I'm in the doghouse again. I'm the one responsible in my household for hooking up anything electronic. Therefore, when the call came to wire-up all the various devices connected to our family room TV, I responded with dignity and valor. My approach resembled my agile-esque philosophy on life: first make it work, then make it pretty, and finally make it better.

Within an hour or two, I was done with phase one. Everything was working; however, there were wires everywhere. I assured my concerned wife that I would soon make everything look clean and neat. That was several years ago. My wife has had it, and I don't blame her.

This happens in the world of data science as well. We're all guilty of writing a hack with the best of intentions of fixing it later, and then forgetting all about it until it shows up at the most inauspicious time (like during a client demo). When building data science solutions, make sure your temporary hacks don't become permanent.

Good intentions and bad practices

Temporary code is a necessary evil. Unfortunately, it's part and parcel of an extremely effective best practice. Code for data science can get extremely complex, which leads to confusion and frustration when things aren't going right.

To simplify your approach, isolate errant code, and most importantly protect your sanity.

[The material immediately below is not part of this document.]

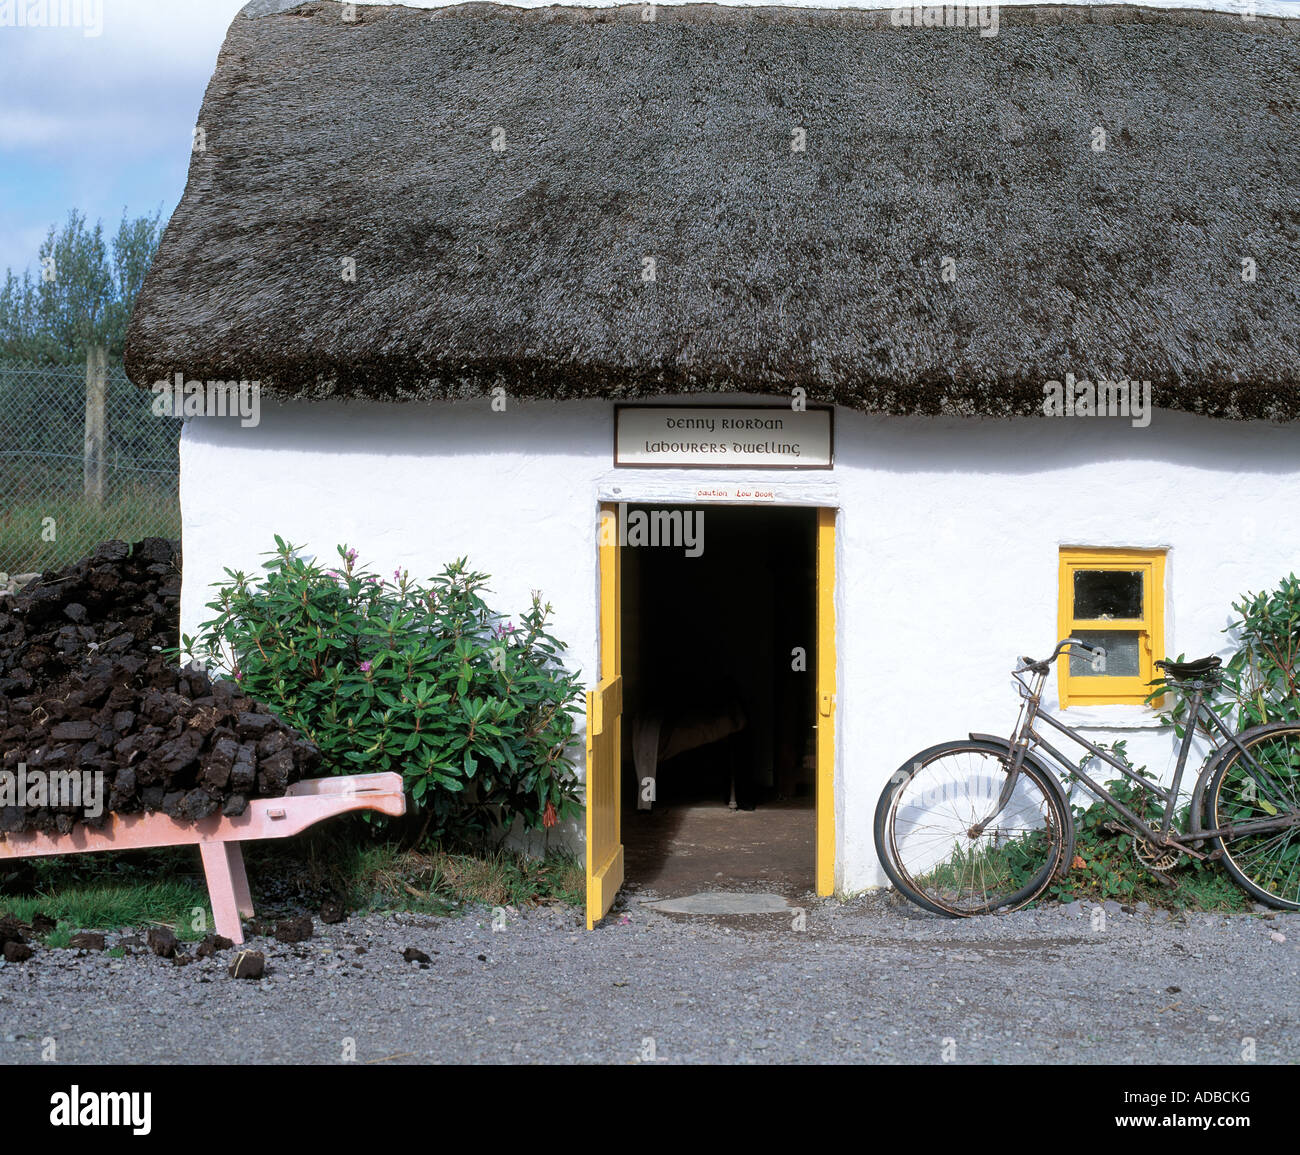 kerry bog village museum, ring of kerry, county kerry, ring of kerry irish  rural thatched building Stock Photo - Alamy

Your first order of business must be to get the code working as quickly as possible -- by any means necessary. More often than not, that includes one or more temporary hacks. For instance, you might hard-code the value of an incoming parameter, so you can troubleshoot what's happening with the other parameter. Of course, you see the setup here. If you accidentally deploy this code into production without removing your hack, any calls to this function will return misleading results.

To make matters worse, it's very difficult to catch these mistakes. To your computer, your hack looks like perfectly working code, so you won't get any complaints at compile-time. Plus, most programmers aren't conspicuous enough about their hacks. Hacks are usually buried somewhere deep in the code with a small, unnoticeable comment -- successfully escaping functional testing and even code reviews.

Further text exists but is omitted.